There are only two obvious downsides to Always On AG replication. First, it does not replicate all your SQL Server databases to the other nodes in your SQL Server cluster. System databases holding jobs, passwords, and other data stores are not replicated, which could present you with problems if the circumstances that led to failover are sustained and you cannot fail back to the original configuration in minimal time. You can run without these databases for some period of time, but eventually you will want to have them in your production environment.
The other downside to Always On AG replication is that it requires the deployment of SQL Server Enterprise Edition 2012 or later. If your applications do not require SQL Server Enterprise Edition or if they have been tuned for a version of SQL Server earlier than 2012, opting to use the Always On AG feature to provide the data replication services required for HA/DR is going to force you to pay for an expensive SQL Server Enterprise license your applications don’t otherwise demand.
SQL Server Standard Edition offers a Basic AG option, but a Basic AG can support only two nodes in a cluster (and a single SQL database per AG). It’s not a viable replication solution if you are building a business continuity solution designed for HA and DR because you’ll need at least two SQL Server cluster nodes in one region for HA and at least one more in a separate region for DR.
An alternative to either AG replication solution involves configuring your HA/DR infrastructure as a SANLess failover cluster. Here, you would license a third-party SANless clustering tool, which provides block-level data replication among all the nodes in your failover cluster.

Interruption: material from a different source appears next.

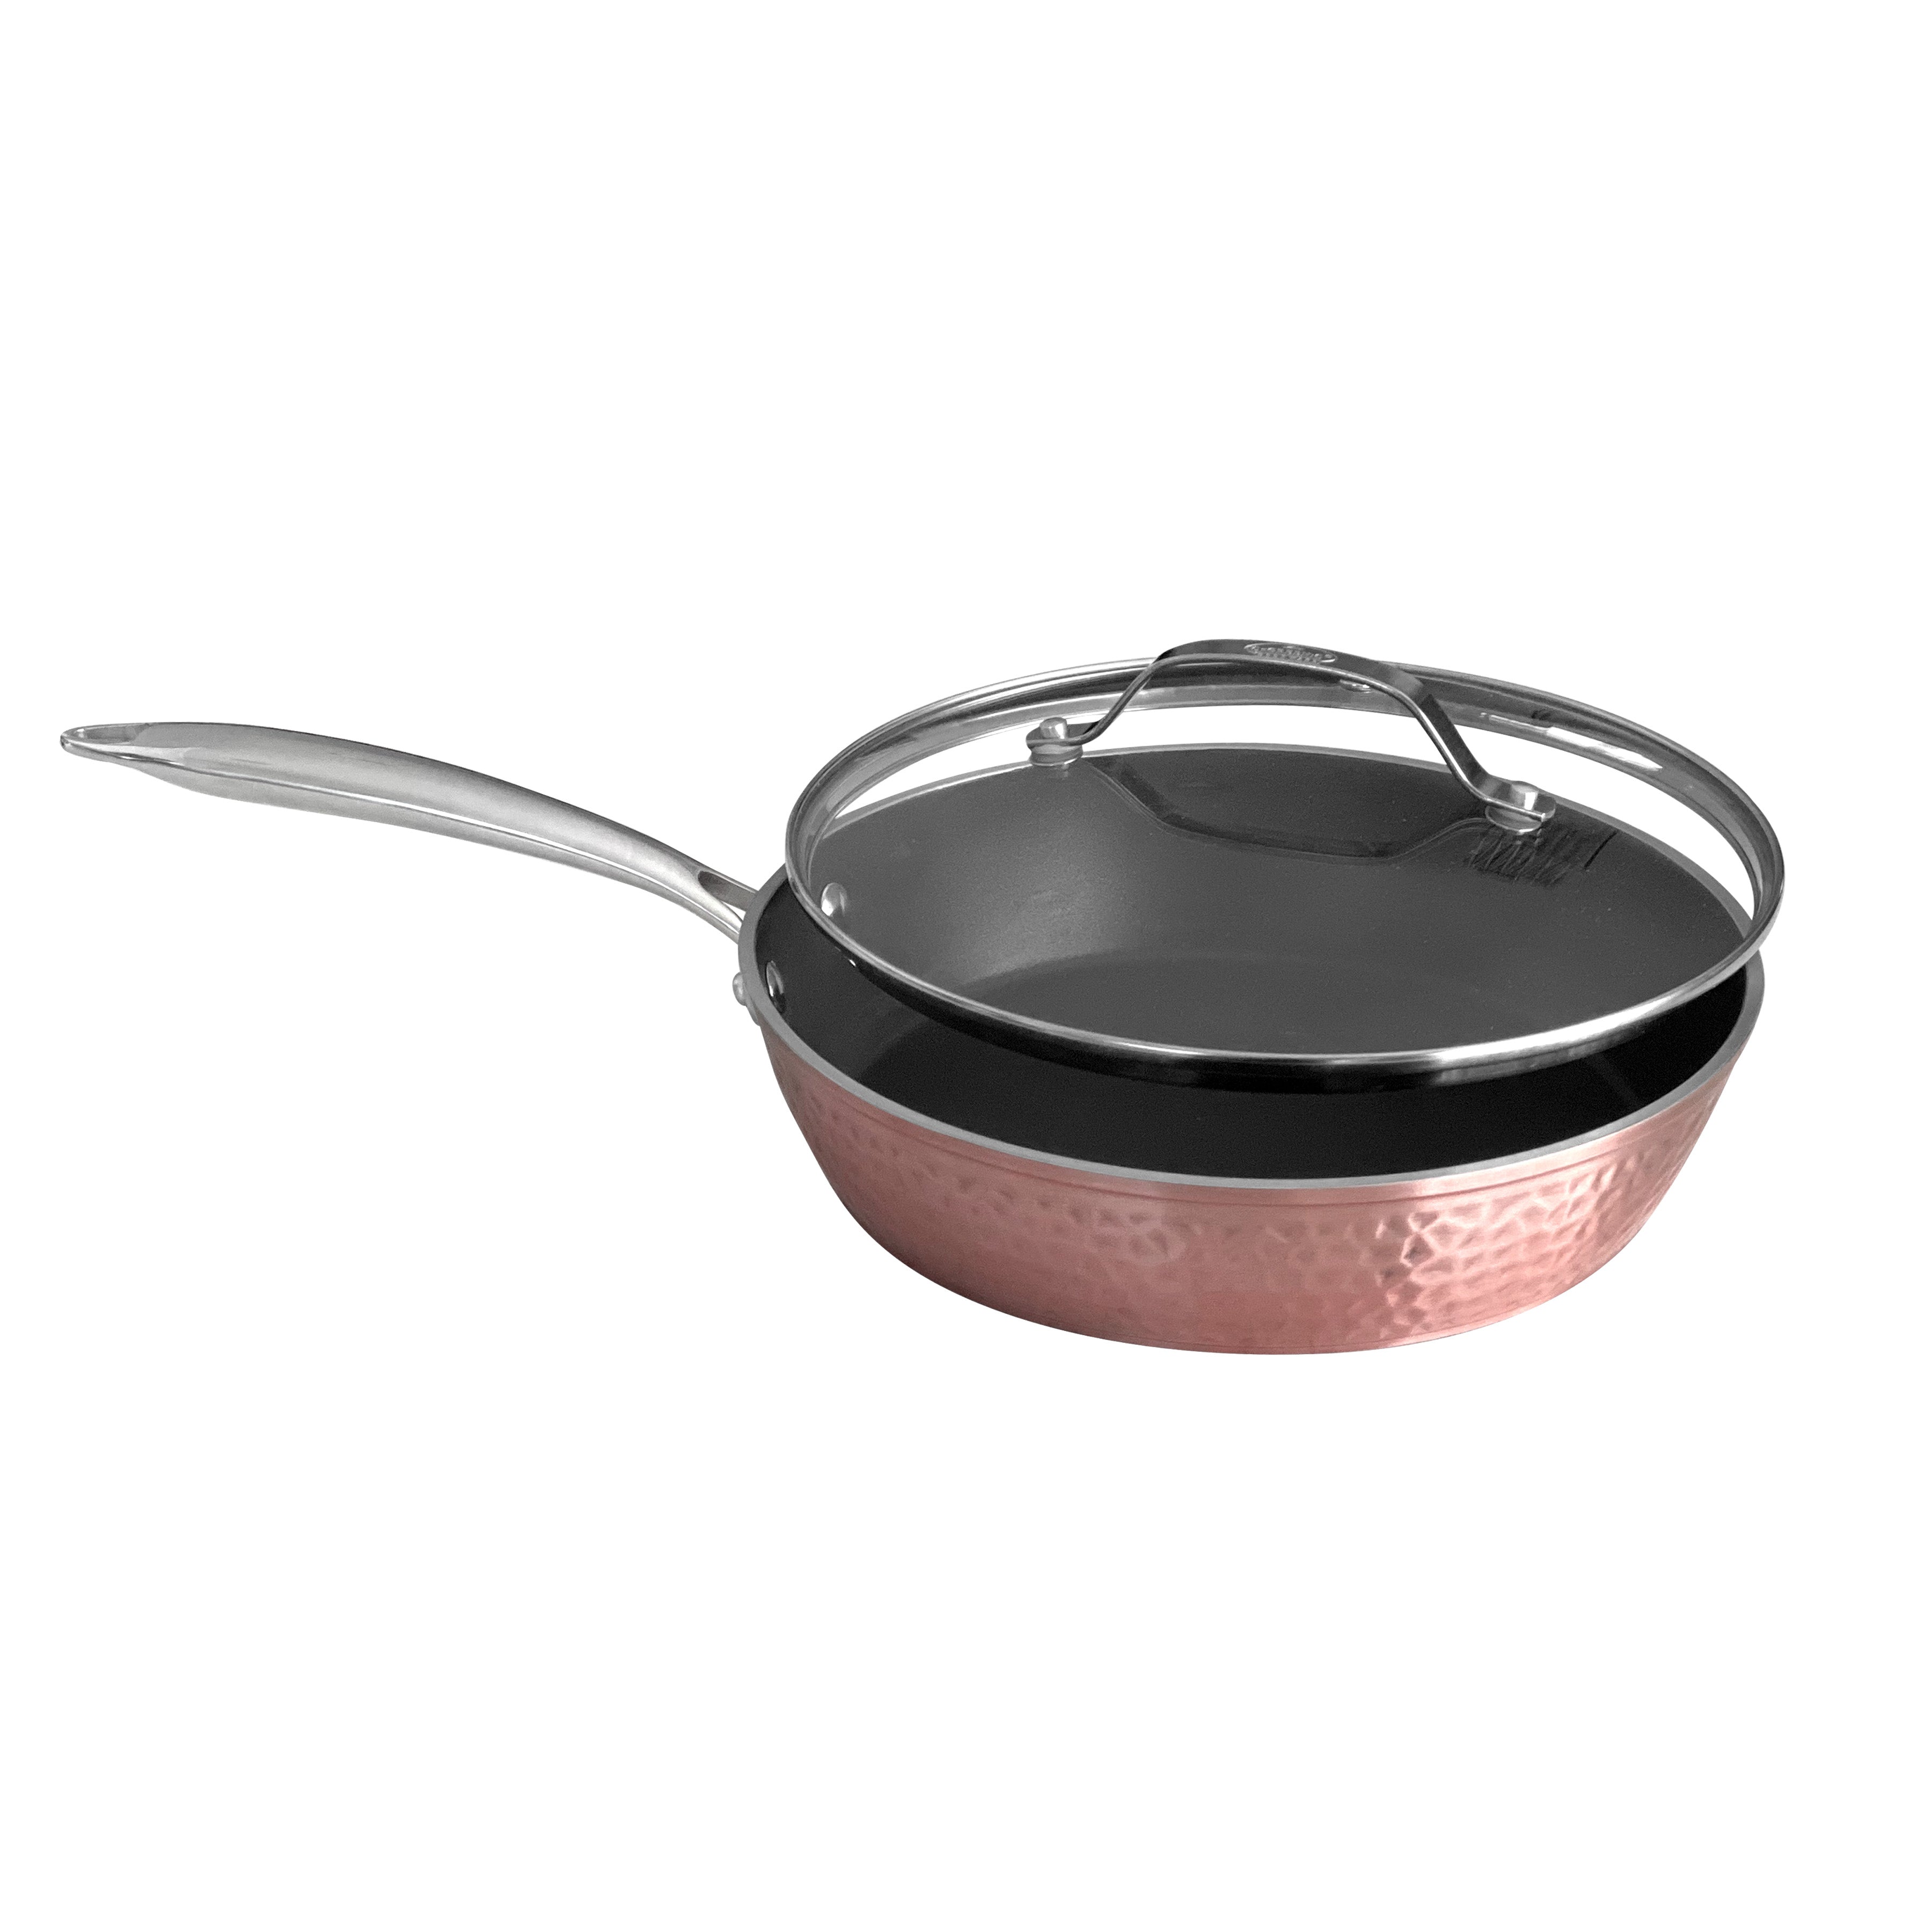 Hammered Rose Gold 14 Pan with Glass Lid – OrGreenic Cookware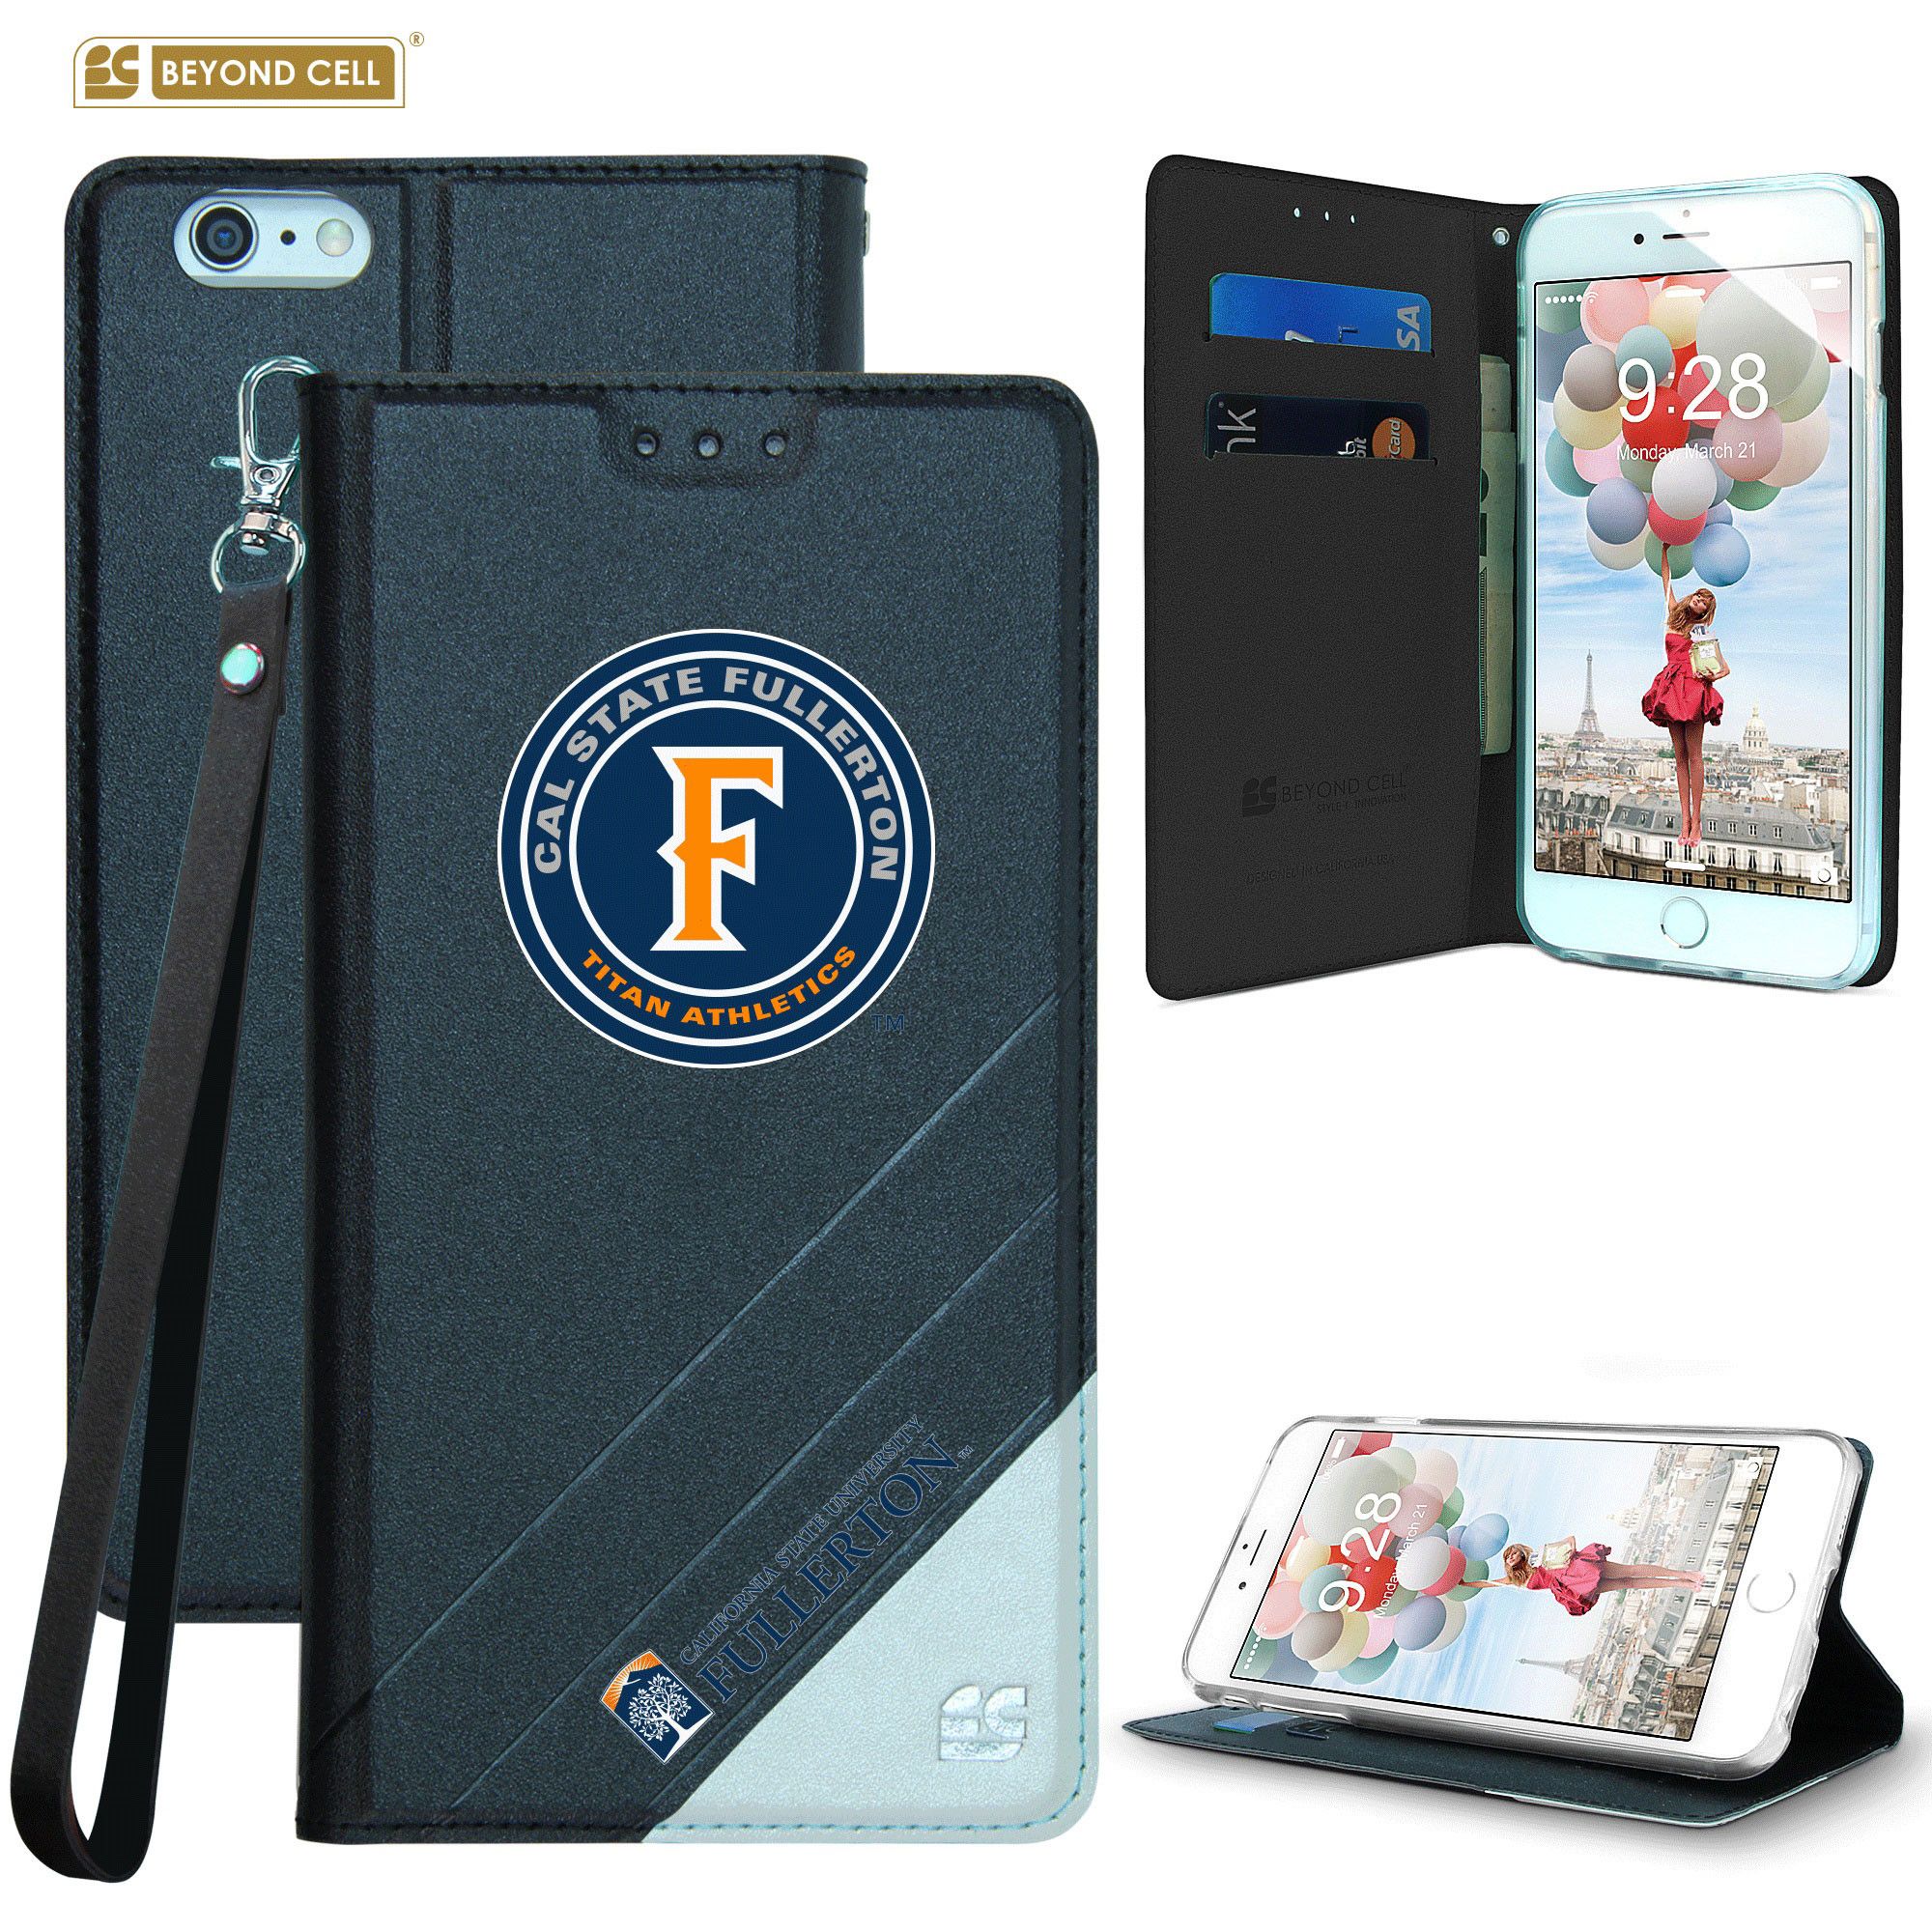 Apple iPhone 6 Plus -  Licensed Cal State Fullerton Folding Wallet case with card slots and wristlet, Black

Like the AG approach, a SANLess cluster performs synchronous data replication between all the nodes within a region (and asynchronous replication to the DR nodes outside the region).
Unlike the AG approach, however, the SANLess cluster approach replicates all SQL Server databases. There is also no limit to the number of SQL databases you can synchronize among nodes, nor a limit on the number of nodes you can synchronize (as in the Basic AG offering). Moreover, a SANless cluster can be configured with any edition of SQL Server—even SQL Server Standard Edition back to 2008. If you don’t otherwise need SQL Server Enterprise licenses, taking the SANLess cluster approach can save you a significant amount of money when configuring for HA and DR—without in any way compromising your ability to meet the business continuity needs of your organization.